In theory, claiming early, late, or right at your FRA shouldn’t impact the cumulative Social Security benefits you receive over your lifetime. Claiming early gives you a longer stream of lower payments, and claiming late gives you a shorter stream of higher payments. Both streams should come to the same total lifetime benefit.

If lifetime benefits were really important, you could argue that it’s best to claim as early as possible. You ultimately end up with the same amount, but you can enjoy the income sooner.

My lifetime benefit doesn’t matter to me

The thing is, my lifetime benefit is irrelevant to me. Here’s why: I won’t know my lifetime Social Security benefit until I’m on my deathbed. And at that point, who cares? It might be fun to know how much more or less I could have received by timing my claim differently, but I’m not diving into spreadsheets when I should be saying my final goodbyes. Even asking a future Siri or Alexa to run those scenarios seems like a waste of my last breath.

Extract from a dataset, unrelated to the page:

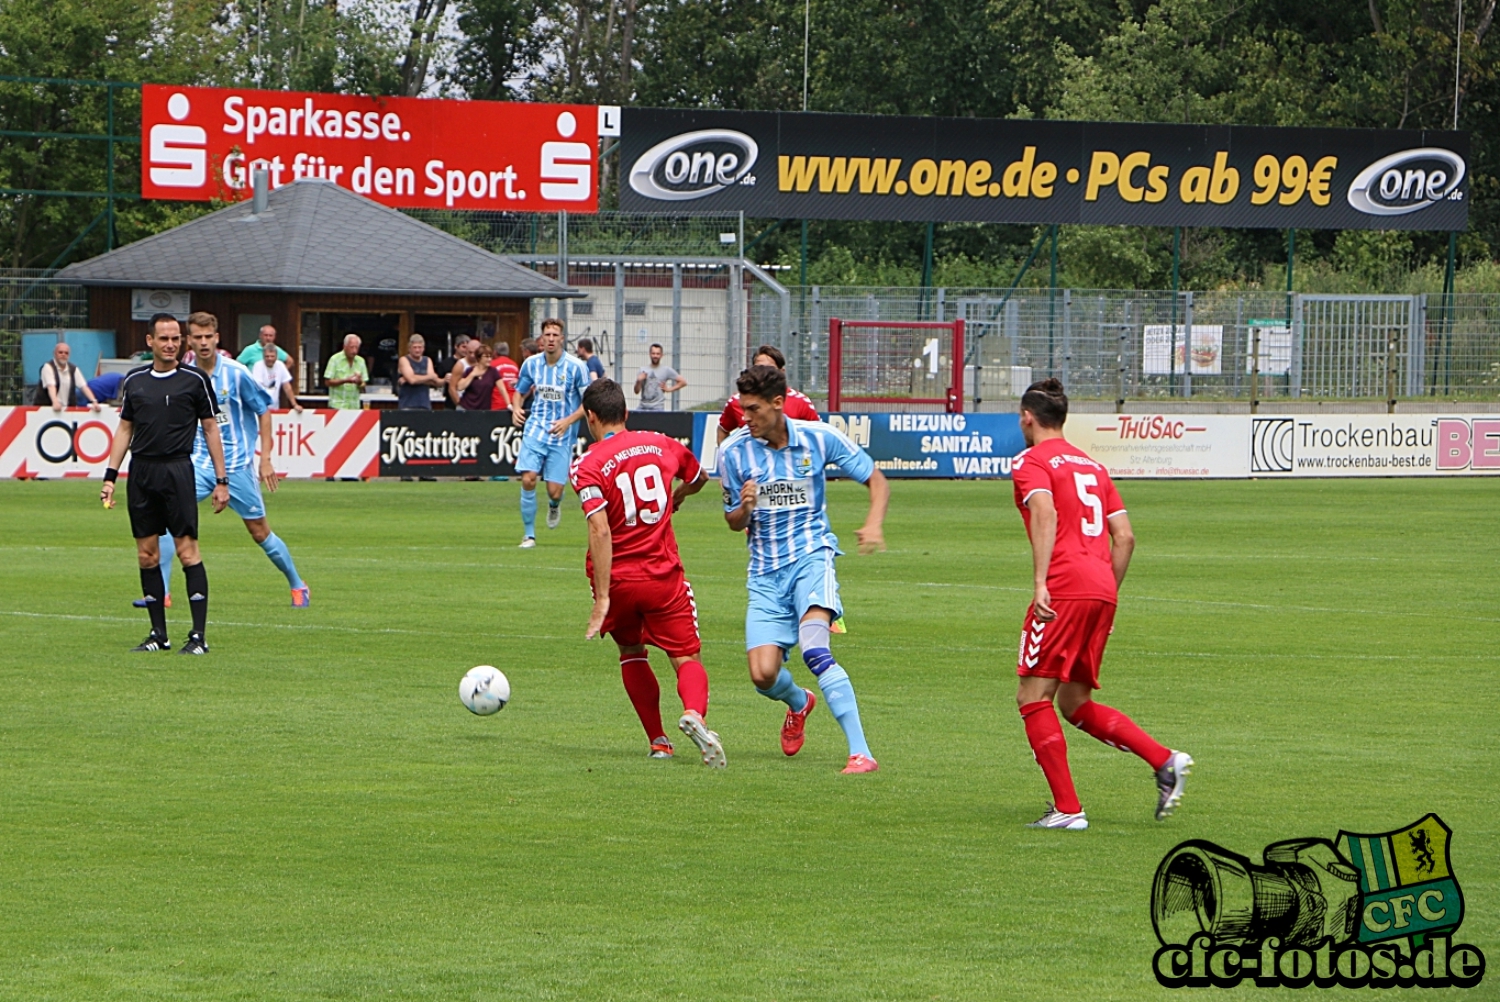  ZFC Meuselwitz - Chemnitzer FC 0:1 (0:0)

What does matter is my quality of life in those final years. And in my view, quality of life is affected more by my monthly Social Security benefit than my lifetime benefit.

Quality of life

For me, quality of life hinges on financial freedom. I don’t require a big house or lots of fancy stuff. But I do like to eat out, share adventures with family, and generally try new things. I’m not interested in being stuck at home making sandwiches and watching Hulu. I’d rather move into a small place where living costs are low, in exchange for a higher entertainment budget (which I’ll probably spend on road trips).

Realistically, Social Security benefits alone won’t fund that freewheeling lifestyle, no matter how tiny my house is or how long I wait to collect. My budget in those later years will include other sources of income, and Social Security will be more of a bonus than a primary income stream. Fortunately, my husband and I have 401(k)s, IRAs, and other investments to lean on. And as a writer, I have a lower risk of aging out of my job.

My relationship with work

If I hated my work, I’d surely be counting the days until I can claim my Social Security benefits at age 62. But I love creating content. It brings me mental stimulation, fulfillment, and flexibility — three things I should still value in 20 years.

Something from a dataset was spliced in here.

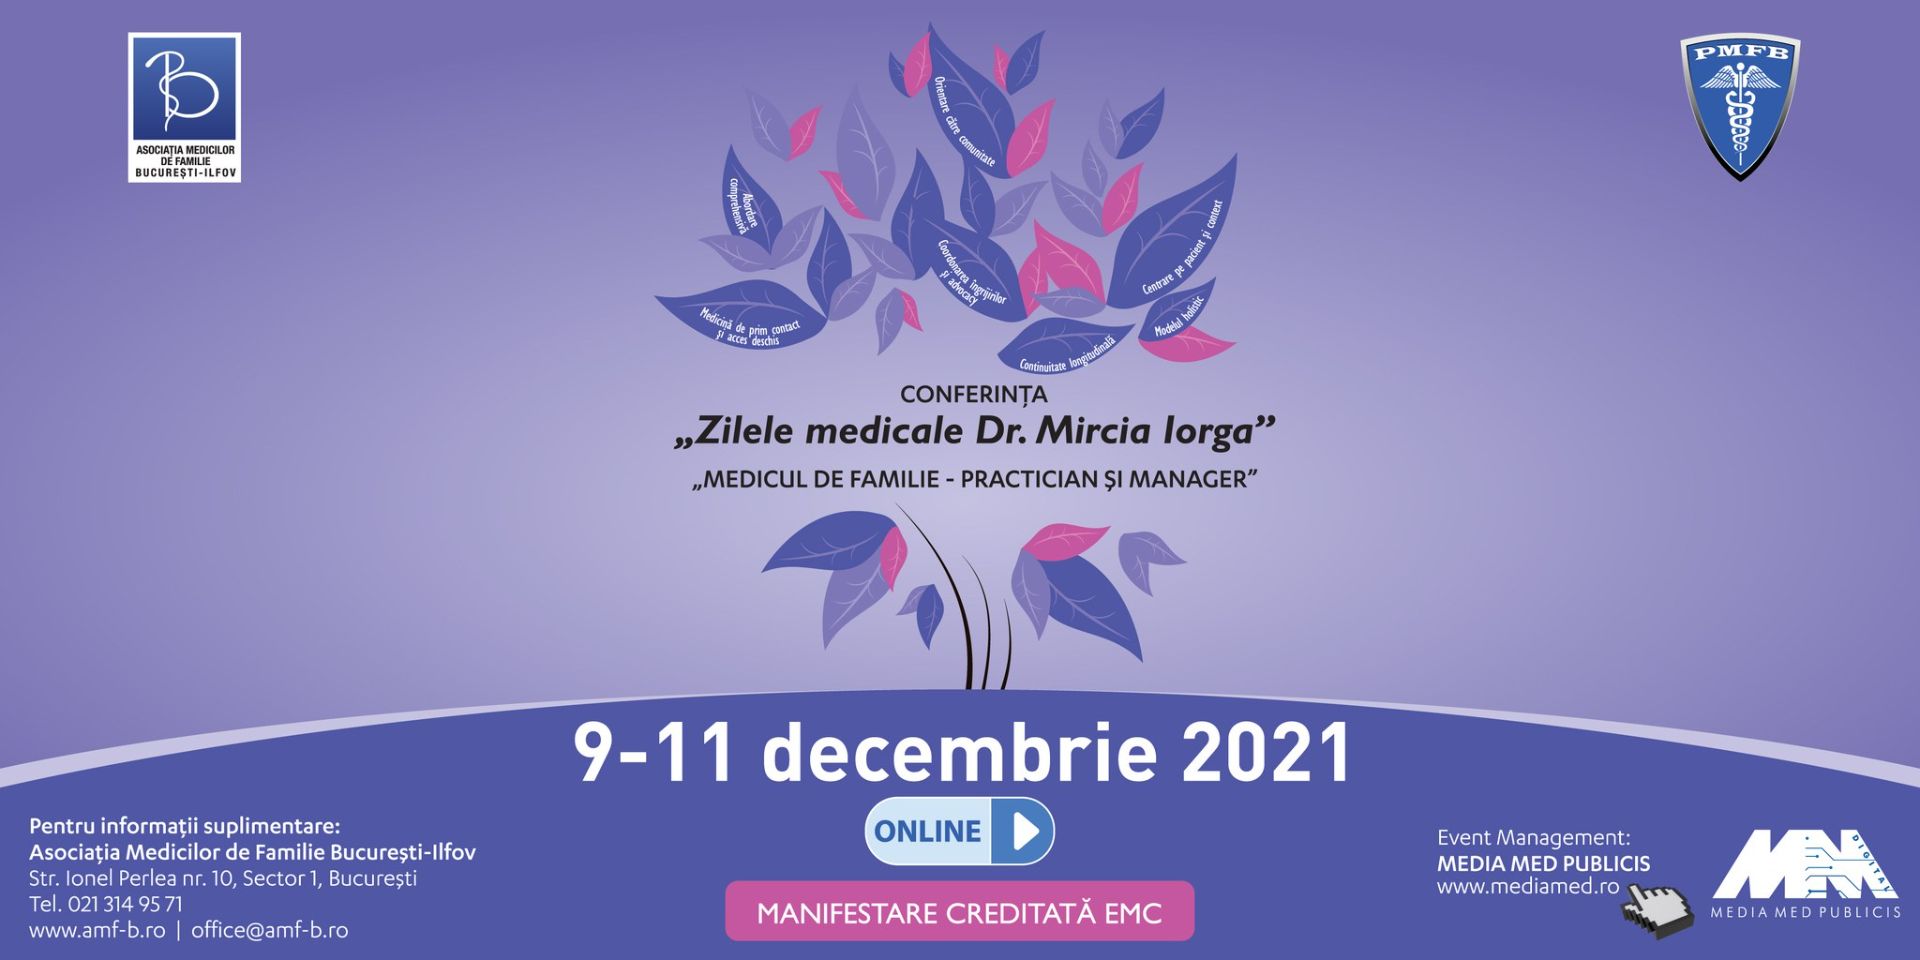 Conferința „Zilele medicale Dr. Mircia Iorga” are loc în decembrie

That’s why I don’t feel any pressure to stop working. And if my desire to work holds up, I’m definitely not claiming Social Security before my FRA. If I do, some of the income I earn before age 67 will reduce my benefits. Under the current rules, Social Security deducts $1 from your benefit payments for every $2 you earn above the annual limit. In 2020, that annual limit is $18,240.

A different formula applies for income earned in the year you reach FRA. At that point, your benefits get reduced by $1 for every $3 earned above a higher limit. In 2020, the higher limit is $48,600, and only the earnings before your birthday count.

Once I reach FRA, earnings don’t affect my benefits at all. I could keep working and receive my full Social Security benefits at the same time.

My life expectancy

There’s one more factor I considered in my claiming strategy, and it’s life expectancy. Social Security’s life expectancy calculator tells me I’ll live to be 85.2 years old. But that estimate is based only on my birthdate and gender. Other life expectancy calculators use lifestyle and health information to come up with their figures. Based on the most optimistic of them, I could reach 97!

Given that long life expectancy, it makes sense for me to wait until 70 to claim my maximum Social Security benefit. I figure I’ll definitely still be working at 67. And what’s another three years? Thanks to delayed retirement credits, my benefit goes up by 8% annually if I wait it out.

That’s a 24% increase over three years, plus a nice boost to my entertainment budget. And if those life expectancy calculators are accurate, I’ll still have 25 to 30 more years to enjoy it.